In one embodiment, the method further comprises receiving, in a runtime environment, a request to deploy the runtime artifact; retrieving, in the runtime environment, the runtime artifact from the artifact storage in the build-time environment; storing, in the runtime environment, the runtime artifact in runtime storage; and deploying, in the run-time environment, the runtime artifact.

In one embodiment, the method further comprises receiving, in the runtime environment, a request to access the design-time artifacts; and debundling, in the runtime environment, the versioned design-time archive into a plurality of design-time artifacts.

In one embodiment, debundling includes restoring the plurality of design-time artifacts from the versioned design-time archives by reversing the operations performed from the bundling.

In one embodiment, the method further comprises launching, in the runtime environment, a browser application to view the plurality of design-time artifacts.

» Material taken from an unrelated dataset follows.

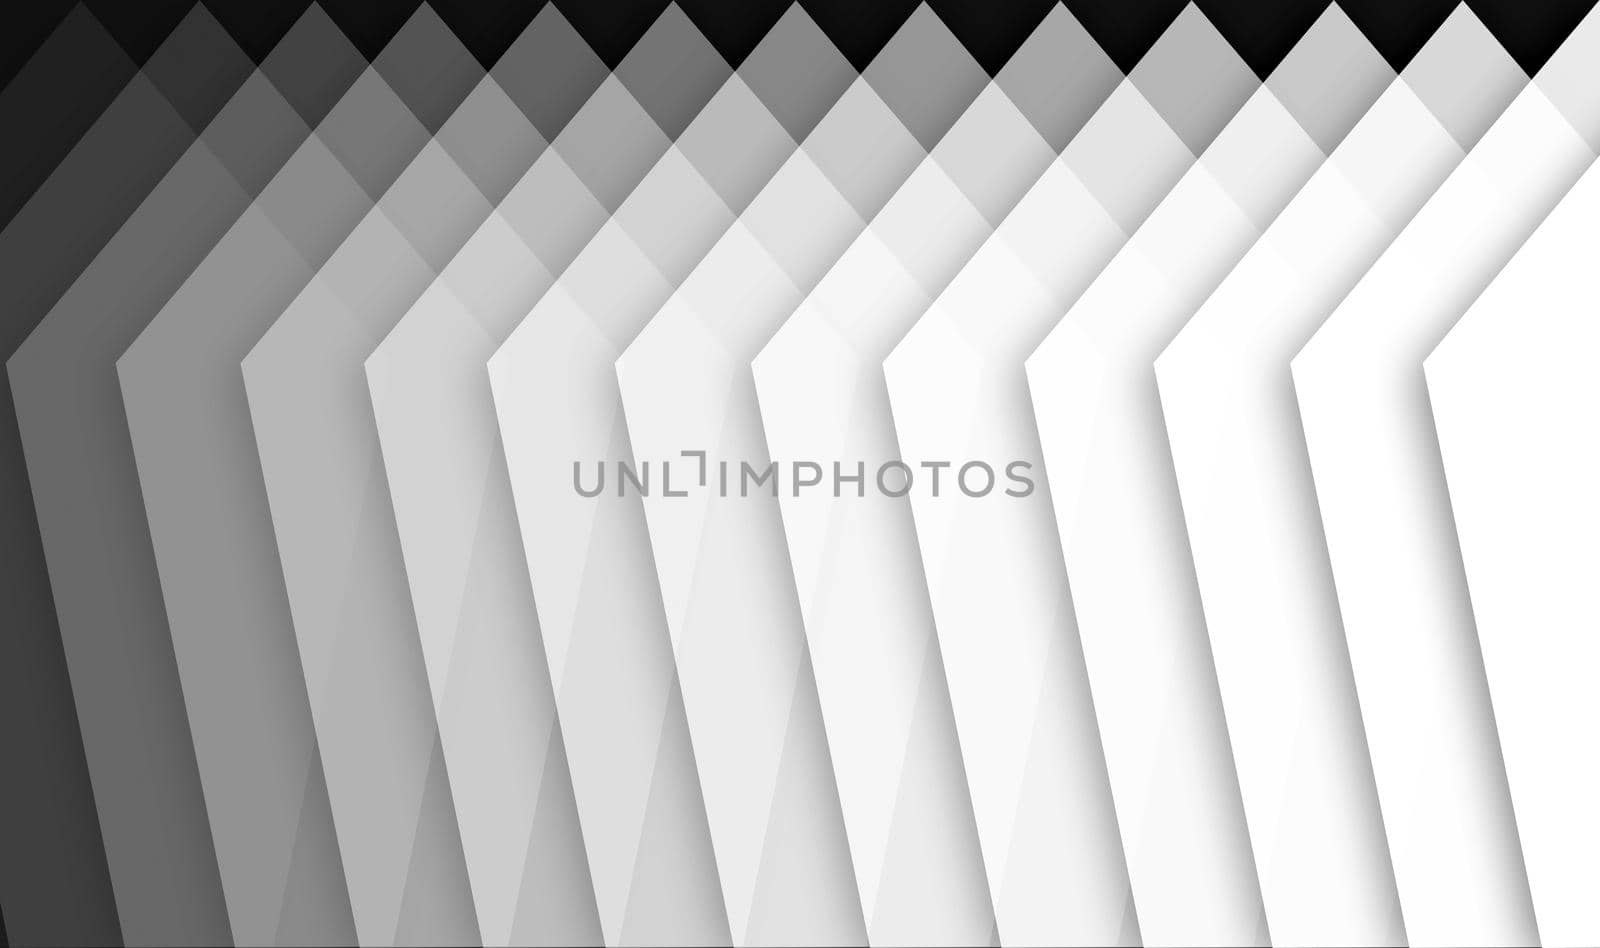 design template showing abstract gradient of white and black from black to white, shapes are one pentagon position at equal distance with 7% of opacity down from black to white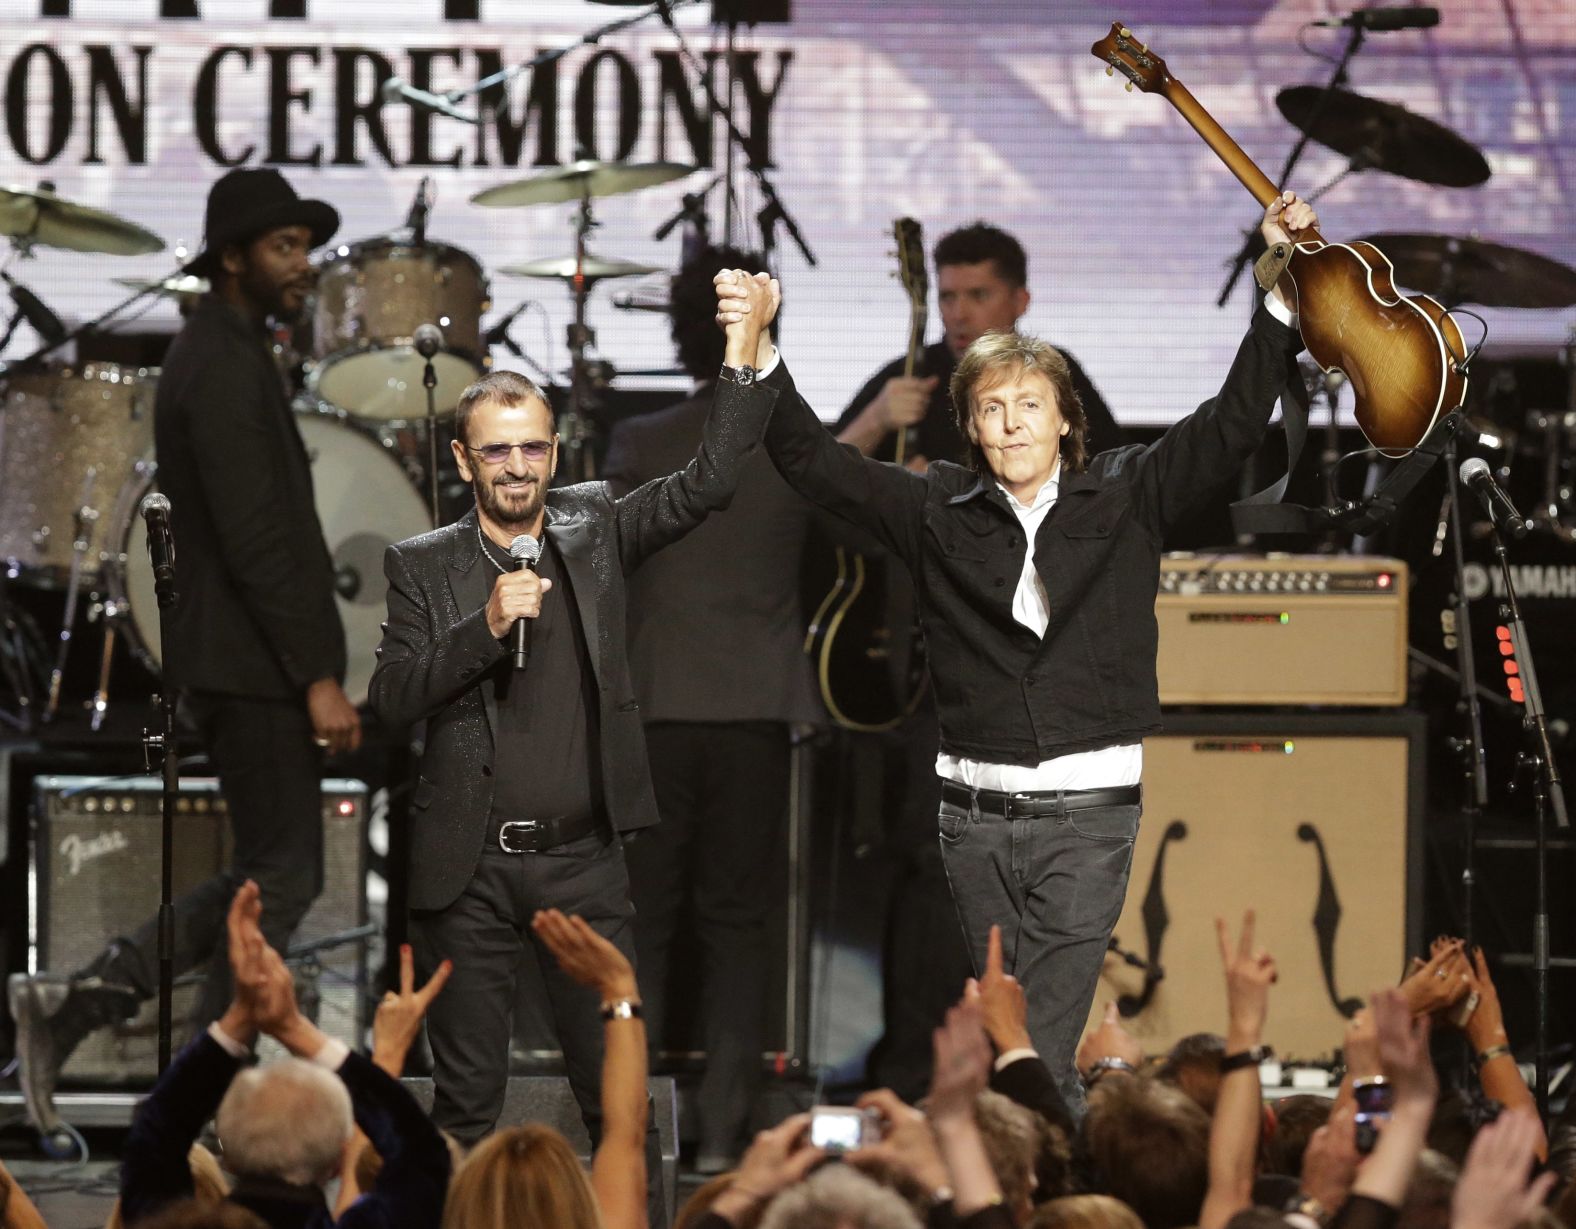 Starr and McCartney acknowledge the crowd at the Rock and Roll Hall of Fame induction ceremony in 2015. Starr was already in the Hall of Fame as a member of the Beatles, but this time he was being inducted as a solo artist.

In one embodiment, the design-time environment has previously been deleted and the plurality of design-time artifacts are used in reconstructing the design-time environment.

In some embodiments the present disclosure includes a system comprising one or more processors; a non-transitory computer-readable medium storing a program executable by the one or more processors, the program comprising sets of instructions for: receiving, in a build-time environment, a request to generate a runtime artifact; retrieving, from a version repository in a design-time environment, a plurality of design-time artifacts associated with the runtime artifact; building, in the build-time environment, a plurality of run-time modules based on the plurality of design-time artifacts; bundling, in the build-time environment, the plurality of design-time artifacts into a versioned design-time archive; generating, in the build-time environment, the runtime artifact from the plurality of run-time modules and the versioned design-time archive; and storing the runtime artifact in an artifact storage of the build-time environment.

In some embodiments, the present disclosure includes a non-transitory computer-readable medium storing a program executable by one or more processors, the program comprising sets of instructions for: receiving, in a build-time environment, a request to generate a runtime artifact; retrieving, from a version repository in a design-time environment, a plurality of design-time artifacts associated with the runtime artifact; building, in the build-time environment, a plurality of run-time modules based on the plurality of design-time artifacts; bundling, in the build-time environment, the plurality of design-time artifacts into a versioned design-time archive; generating, in the build-time environment, the runtime artifact from the plurality of run-time modules and the versioned design-time archive; and storing the runtime artifact in an artifact storage of the build-time environment.